Глава 9 «Очень честный парень»

Понедельник уже лет пять начинался не в субботу, а в пятницу — шестидневную рабочую неделю сменила обычная пятидневка. Поэтому в управлении было пустовато, хотя дежурные и охрана находились на положенных местах и смотрели на меня, как на идиота. Но я старался не обращать на их взгляды внимания, а спокойно добрался до своего кабинета, где смог воспользоваться машинкой и перепечатать вчерашний черновик. Я даже зарегистрировал его в первом отделе, после чего отправился к начальству.


Бобков уже был на месте. Он сидел на своем кресле и смотрел на меня так, словно я украл подарок, который ему преподнесли на день рождения, и категорически отказывался его возвращать. Мой рапорт он прочитал, но там и читать-то было нечего — три абзаца по паре предложений в каждом, которых мне хватило, чтобы очень кратко, но по существу, изложить собственное видение того, что произошло вчера в театре на Таганке.


Моя версия событий выглядела очень травоядно. Да, мы с Валентином заехали в театр, но по моей просьбе; он напросился со мной лишь потому, что ни разу там не был и хотел посмотреть. Нет, бить Высоцкого я не планировал и не бил, до рукоприкладства дело вообще не дошло, я лишь хотел вежливо попросить его не приставать к моей жене. Да, вежливо не получилось, но Высоцкий сам в этом виноват — видимо, нарушил какой-то из запретов Юрия Петровича Любимова, какой именно — не знаю, это лишь предположение. Нет, сразу после общения с Высоцким мы с Валентином покинули театр и больше туда не возвращались, и что там происходило после нас — не в курсе.


Сейчас этот рапорт лежал в стороне, но так, чтобы я не смог его быстро схватить и, допустим, сожрать. Мне почему-то казалось, что Бобков всерьез опасается именно такого развития ситуации. Он пока никаких вопросов мне не задавал, ну и я мудро хранил молчание, дожидаясь, когда начальство сделает первый ход.


— Вот именно так всё и было? — Бобков подвинул листок с рапортом так, чтобы он находился у него перед глазами, но сам смотрел на меня.


— Именно так, товарищ генерал, — подтвердил я.


— Товарищ генерал? — деланно удивился он. — Раньше ты называл меня по имени-отчеству.


— Ситуация иная, товарищ генерал, — не сдавался я.


— И чем же она отличается от того, что было раньше?
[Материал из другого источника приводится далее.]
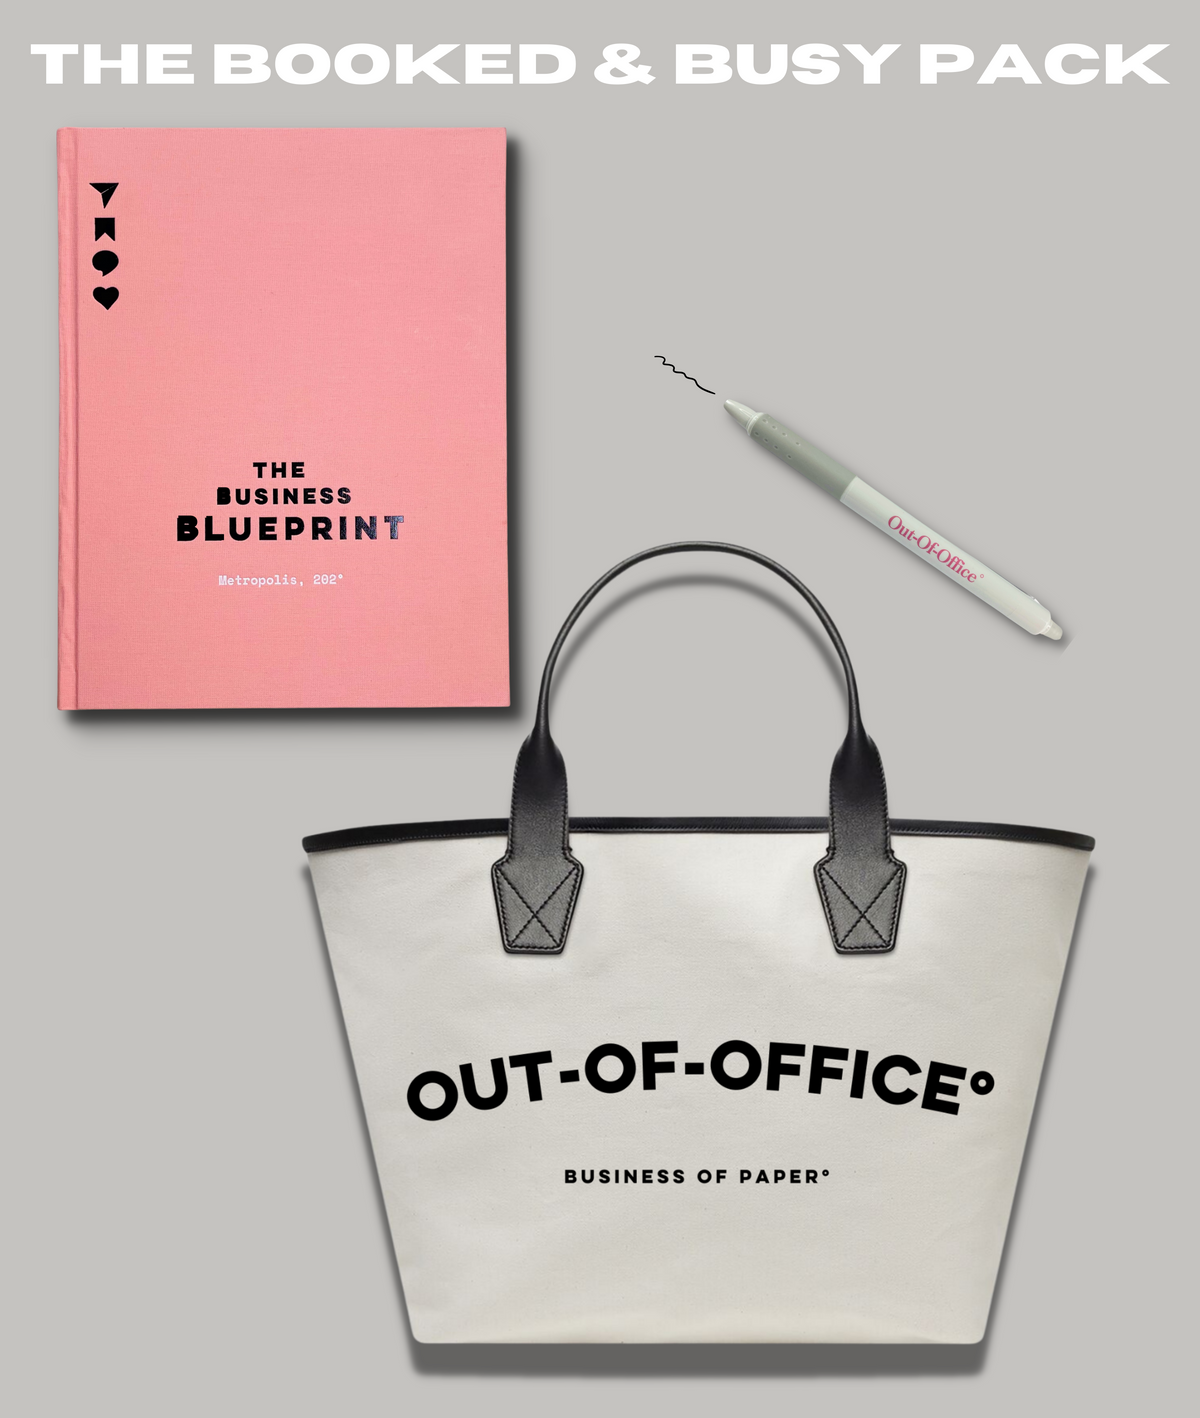 Booked & Busy Pack: E-Commerce Book, City Tote Bag, and Eraser Pen
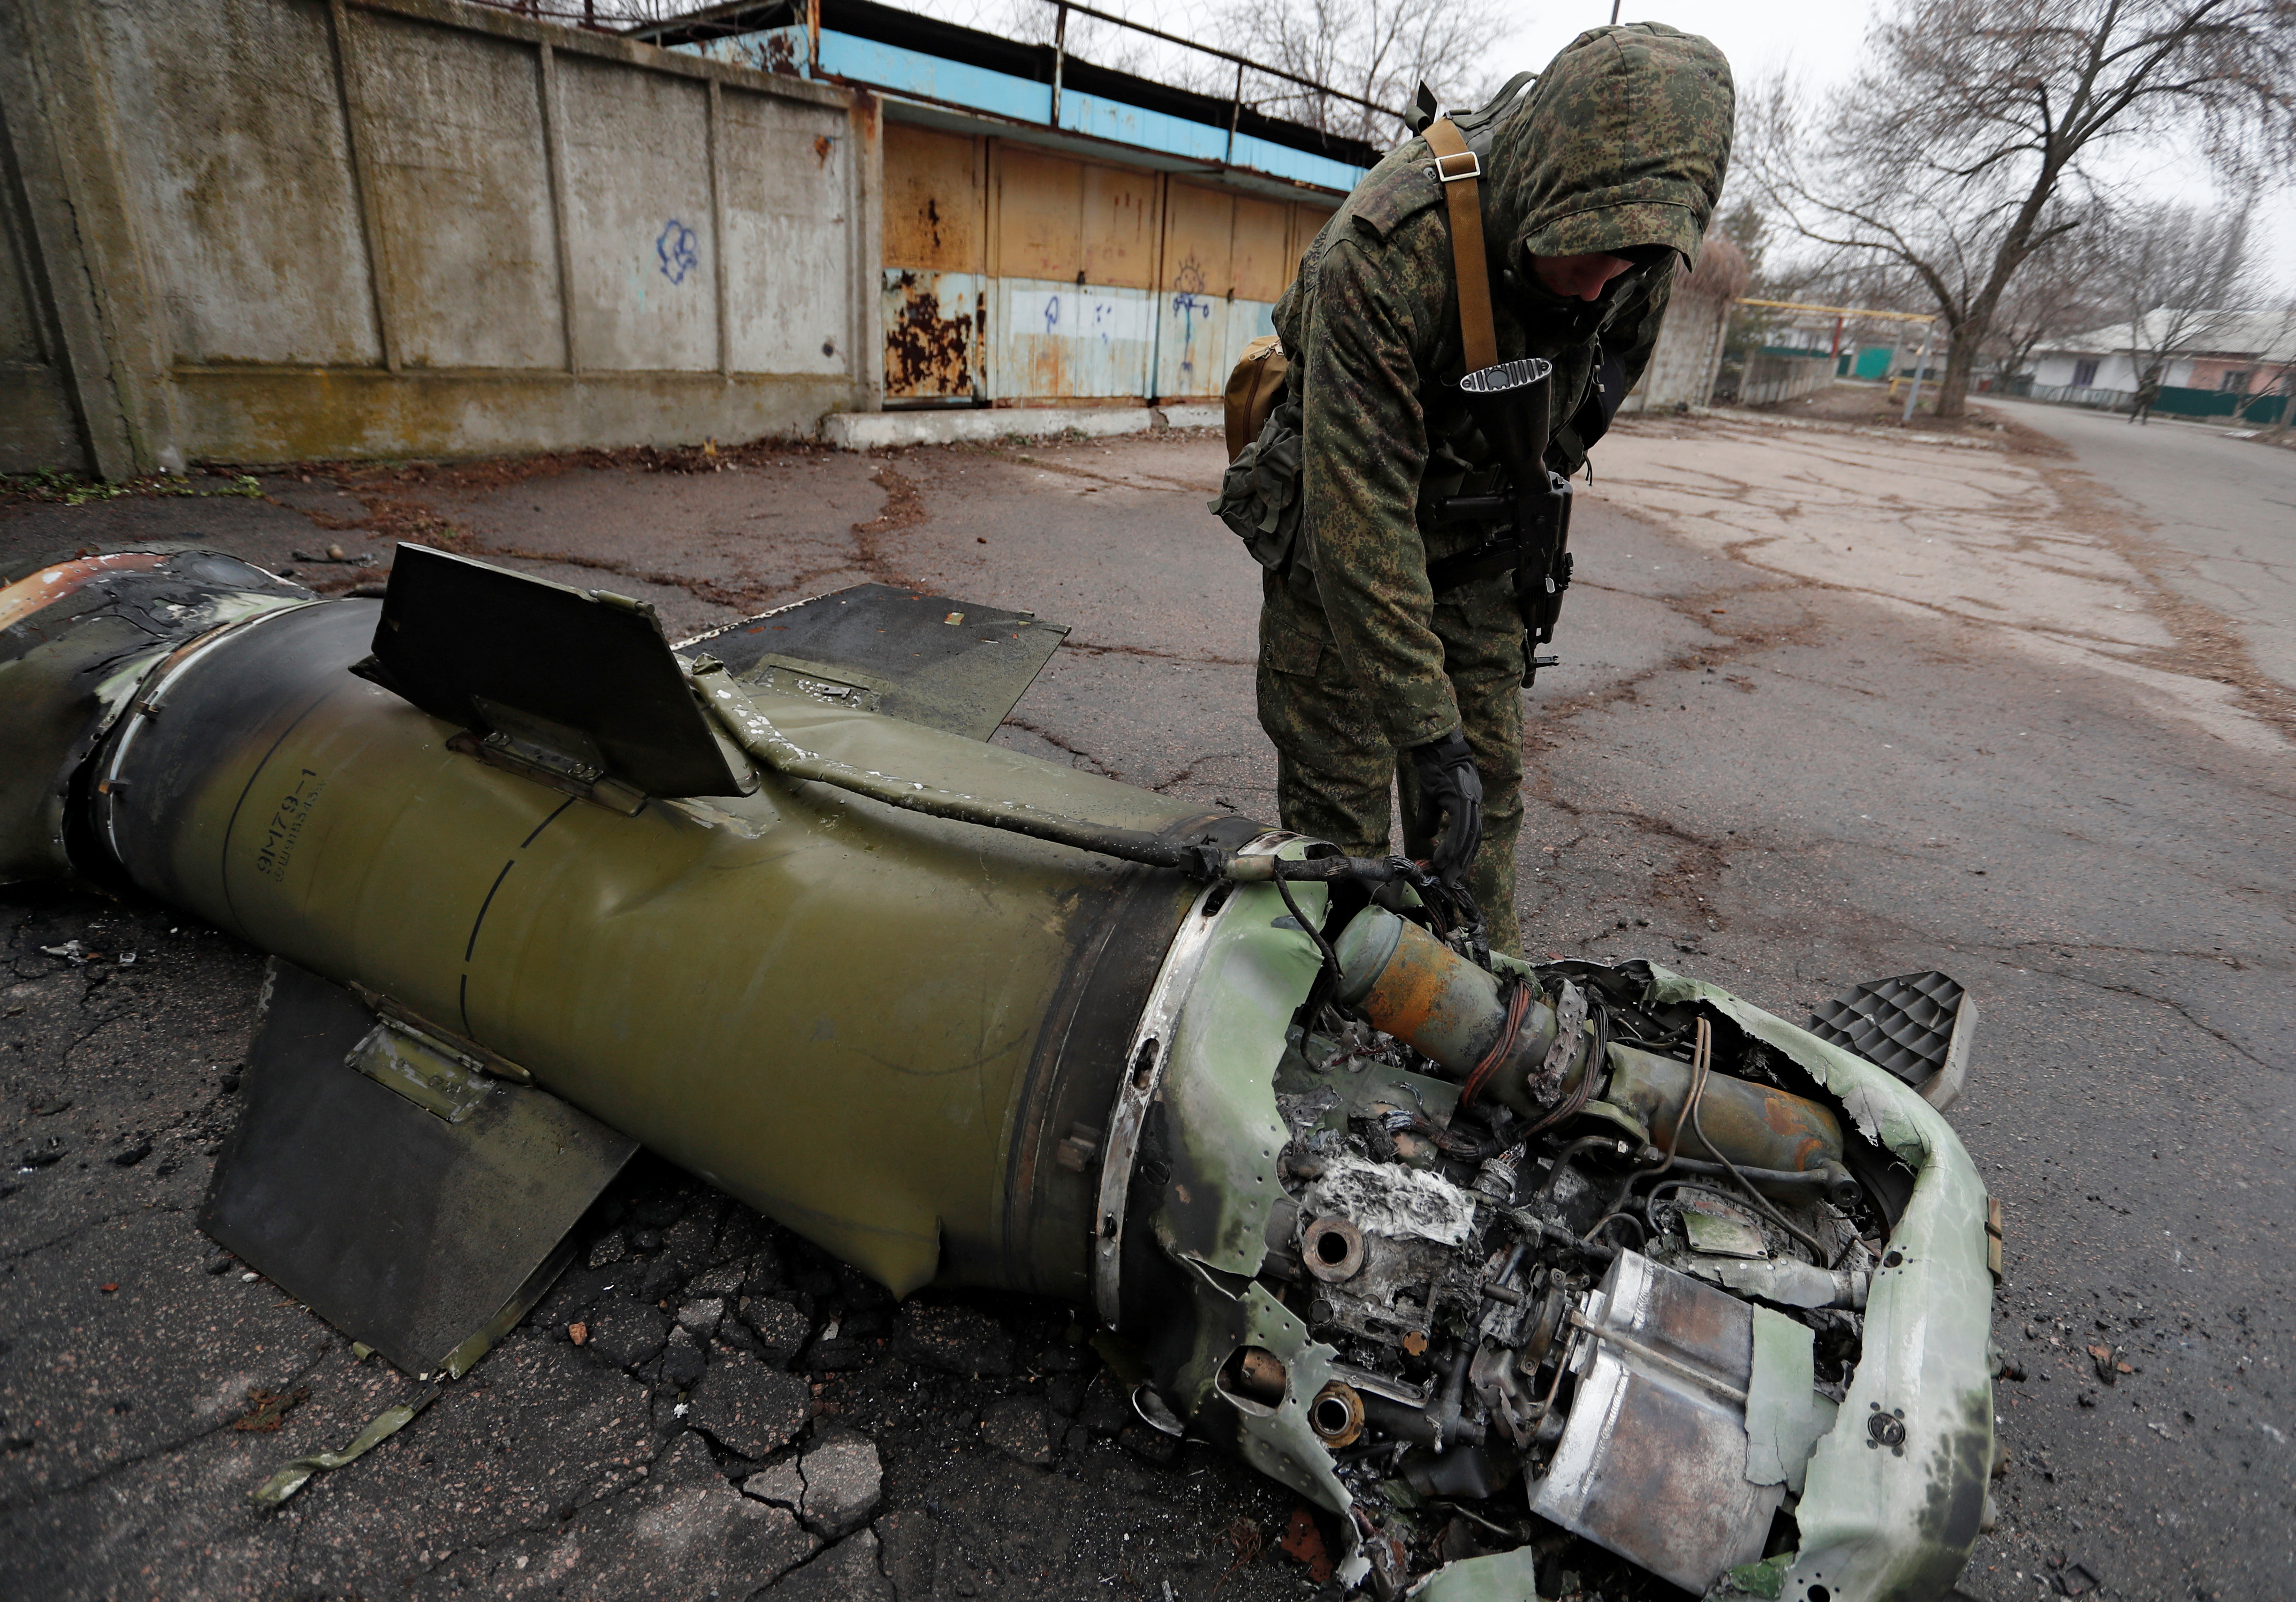 A militant of the self-proclaimed Donetsk People's Republic inspects the remains of a missile that landed on a street in Donetsk

— Мы с вами общаемся официально, товарищ генерал. Вас устраивает мой рапорт или мне нужно его как-то дополнить?


Бобков тяжело вздохнул.


— Дополнить… в первую очередь вы, Виктор, не должны были допускать, чтобы возникла необходимость в написании этого рапорта, — наставительно произнес он. — И во вторую очередь — тоже. Не допускать! И в третью, и в четвертую. Ну а сейчас… чем ты хочешь его дополнить?


— Чем прикажете, товарищ генерал! — четко ответил я.


Самым сложным в этот момент было не улыбнуться.


— Виктор! С каких пор ты стал таким солдафоном? В твоей характеристике ни о чем подобном даже не упоминается! Неужели те, кто их тебе давал, могли ошибиться?


— Не могу знать, товарищ…


— Прекрати! — Бобков резко стукнул ладонью по столу, и я благоразумно заткнулся.


Доводить начальство до каления нужно в определенной степени, не переступая той грани, за которой оно превращается в разъяренных зверей.


С минуту мы смотрели друг на друга.


— Начнем с начала, Виктор, — спокойным тоном сказал он. — И без «товарищей генералов», будь так любезен.


— Так точно, Филипп Денисович, — послушно согласился я.


И заслужил ещё один взгляд, который намекал, что я всё ещё нахожусь под подозрением в краже подарка.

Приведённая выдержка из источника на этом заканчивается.